重组蛋白在不同的宿主生物体中表达。 大肠杆菌 ( E. coli ) 是中等复杂性生物制药最常用的非哺乳动物生产宿主。全长抗体是目前最畅销的生物制药；然而，一类新的、具有开创性的生物制药包括工程化抗体衍生片段和小支架结合蛋白。这些蛋白质结合特定的靶标，激活或阻断体内的关键反应。它们比抗体小，这使得它们具有更高的组织渗透潜力（例如，它们可以穿过血脑屏障）； 因此，可访问目标的数量增加了。抗原结合片段 ( Fab ) 是源自免疫球蛋白 G (IgG) 分子的单一、单价结合臂。Fab 由轻链 (LC) 和重链 (HC) 组成，通过二硫键连接。由于这些片段的分子尺寸小且复杂性降低， 基于大肠杆菌 的表达系统是哺乳动物细胞培养物的有吸引力的替代品。

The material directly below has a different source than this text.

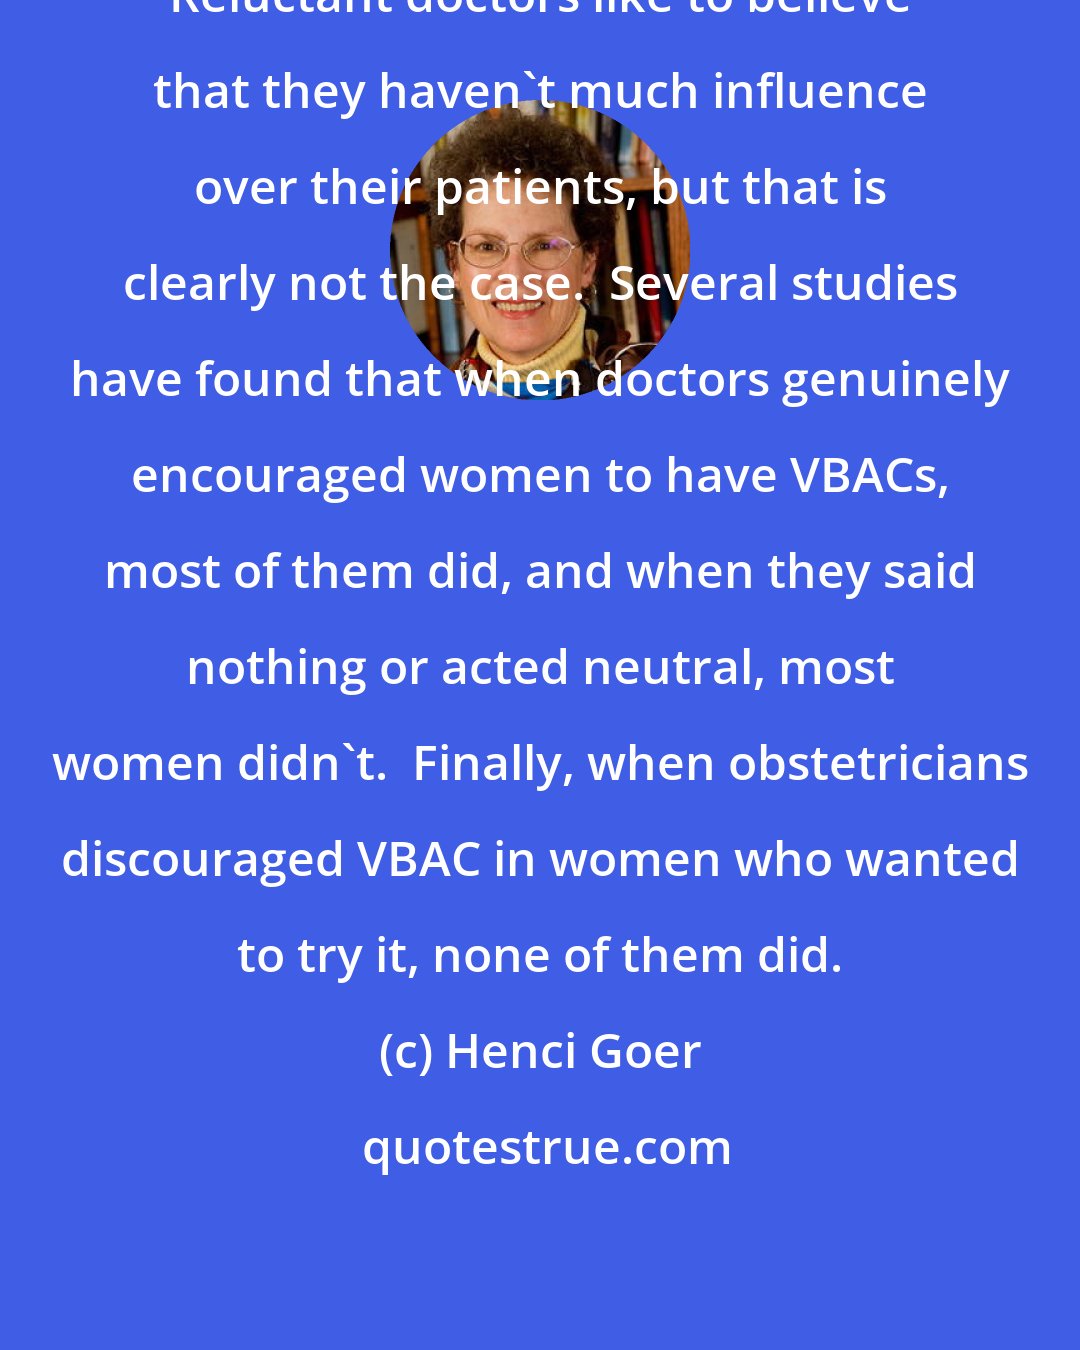 Henci Goer: Reluctant doctors like to believe that they haven't much influence over their patients, but that is clearly not the case.  Several studies have found that when doctors genuinely encouraged women to have VBACs, most of them did, and when they said nothing or acted neutral, most women didn't.  Finally, when obstetricians discouraged VBAC in women who wanted to try it, none of them did.

Fab 质粒的构建-所有酶和试剂盒均购自 New England Biolabs (NEB, Ipswich, USA)。编码与前导信号序列融合的Fab片段的基因(OmpA ^SS )购自ATUM(纽瓦克，美国) 。 所有 Fab 的前导序列和间隔序列都是恒定的，但编码 Fab 的序列经过密码子优化。所有 Fab 在恒定区具有相同的 aa 序列，但在可变区具有不同的 Fab 特异性序列。对于PB系统，我们通过Nde  I和 Eco 将Fab序列克隆到表达载体pET30a中 RI 限制位点。我们进行聚合酶链式反应 (PCR)，以用 DsbA 信号序列 (DsbA ^SS ) 替换 OmpA 信号序列 (OmpA ^SS )。Fab LC 和 HC 分别用携带突出 DsbA ^SS 序列的有义引物进行扩增（LC 带有 Nde  I_DsbA ^SS – Fab_sense，HC 带有 Bsa  I_DsbA ^SS – Fab_sense）：用于 LC 扩增的反义引物结合在 3' – UTR_链接器的末端 （Bsa  I_UTR_链接器_反义）。 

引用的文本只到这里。